Zambia Air Force commander hopes to buy more Chinese aircraft

Source
China Military
Editor
Zhang Tao
Time
2016-11-04

ZHUHAI, Nov. 4 (ChinaMil) -- The 11th China International Aviation and Aerospace Exhibition (Airshow China 2016) kicked off in Zhuhai on November 1.

The exhibition not only brought together many domestic and foreign well-known exhibitors, but also attracted many domestic and foreign customers to visit and to discuss opportunities for cooperation.

In an exclusive interview, Erick Chimese, commander of Zambia Air Force, said that China's L-15 fighter trainer (training and light attack aircraft) is a very advanced multi-purpose flight platform with advanced avionics and weapon systems. As a third-generation aircraft, L-15 has led the Zambia Air Force to the modern aviation stage.

In the international market, the advanced trainers mainly include Yakovlev Yak-130 of Russia and M346 of Italy and so on. So why would the Zambia Air Force choose L-15?

Chimese said that as a developing country, Zambia needs to take financial issues into account in the procurement of new aircraft. As the traditional partner of the Zambia Air Force, the Aviation Industry Corporation of China (AVIC) provided us with a very flexible choice, which helped the Zambia government fulfill the goal of procuring advanced fighter in a tight financial situation.

Moreover, from the perspective of the national defense development, Zambia needs to have a strong air force to defend the country. L-15 can meet this requirement and help balance operational tasks and training efficiency.

In addition, the maintenance cost of L-15 is not expensive. With the above factors considered, after a comparison of similar aircraft of Russia and Italy, the Zambia Air Force made its final decision on L-15, Chimese said.

Over the years, the Zambia Air Force has purchased a variety of Chinese aircraft, which made it an loyal AVIC customer. Chimese said that with a strong national defense, China is a powerful country comparable to the US and Russia. Zambia has always been China's traditional partner. The economic growth of Zambia has led to a growing demand for the development of national defense.

In this regard, Zambia hopes to stay in line with China, he said. From the Zambia Air Force's point of view, there is no doubt that it hopes to procure more advanced equipment like fighters and other types of aircraft, according to Chimese. The Zambia Air force is currently in negotiation with AVIC on such matters, he added.

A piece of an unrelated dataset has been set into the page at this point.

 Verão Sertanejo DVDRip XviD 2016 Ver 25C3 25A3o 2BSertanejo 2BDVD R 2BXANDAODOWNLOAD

Chimese said that Zambia is a major African country with a vast territory, so air transportation has broad prospects in Zambia and there is also a high demand for aircraft. The Chinese aircraft such as Modern Ark 60, Y-12 and Z-9 purchased by Zambia have already facilitated Zambia's transportation. Therefore, there is no doubt that Zambia will consider the procurement of more Chinese aircraft in the future, he said.

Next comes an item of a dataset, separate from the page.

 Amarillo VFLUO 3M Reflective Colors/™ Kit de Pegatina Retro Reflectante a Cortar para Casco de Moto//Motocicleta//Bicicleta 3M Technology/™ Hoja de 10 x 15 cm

Chimese said that compared with many airshows including the Paris Air Show, the Dubai Airshow and the Africa Aerospace and Defense Show, the Airshow China 2016 is a world-class exhibition in terms of organization or exhibits. Since his first visit in 2012, the Airshow China has made great progress with an increasing scale and a richer display of exhibits, he said.

At the opening ceremony of the Airshow China 2016 on November 1, the domestic heavy stealth fighter J-20 made its public debut with a wonderful flight performance. After seeing the flight performance of J-20, Chimese said that he felt as if he saw the future of Chinese fighters.

Chimese is a former fighter pilot with years of flying experience, he said that the J-20 is an advanced fighter comparable to the F-22 of US. The flying actions of J-20 showed that it has a very strong thrust, which is quite shocking, he added.

Before the appearance of Chinese fighters such as J-20, the fights in the world were divided into two groups: the west and Russia. Chimese said that he hopes the AVIC can continue to develop so that other countries will have more alternatives in the future.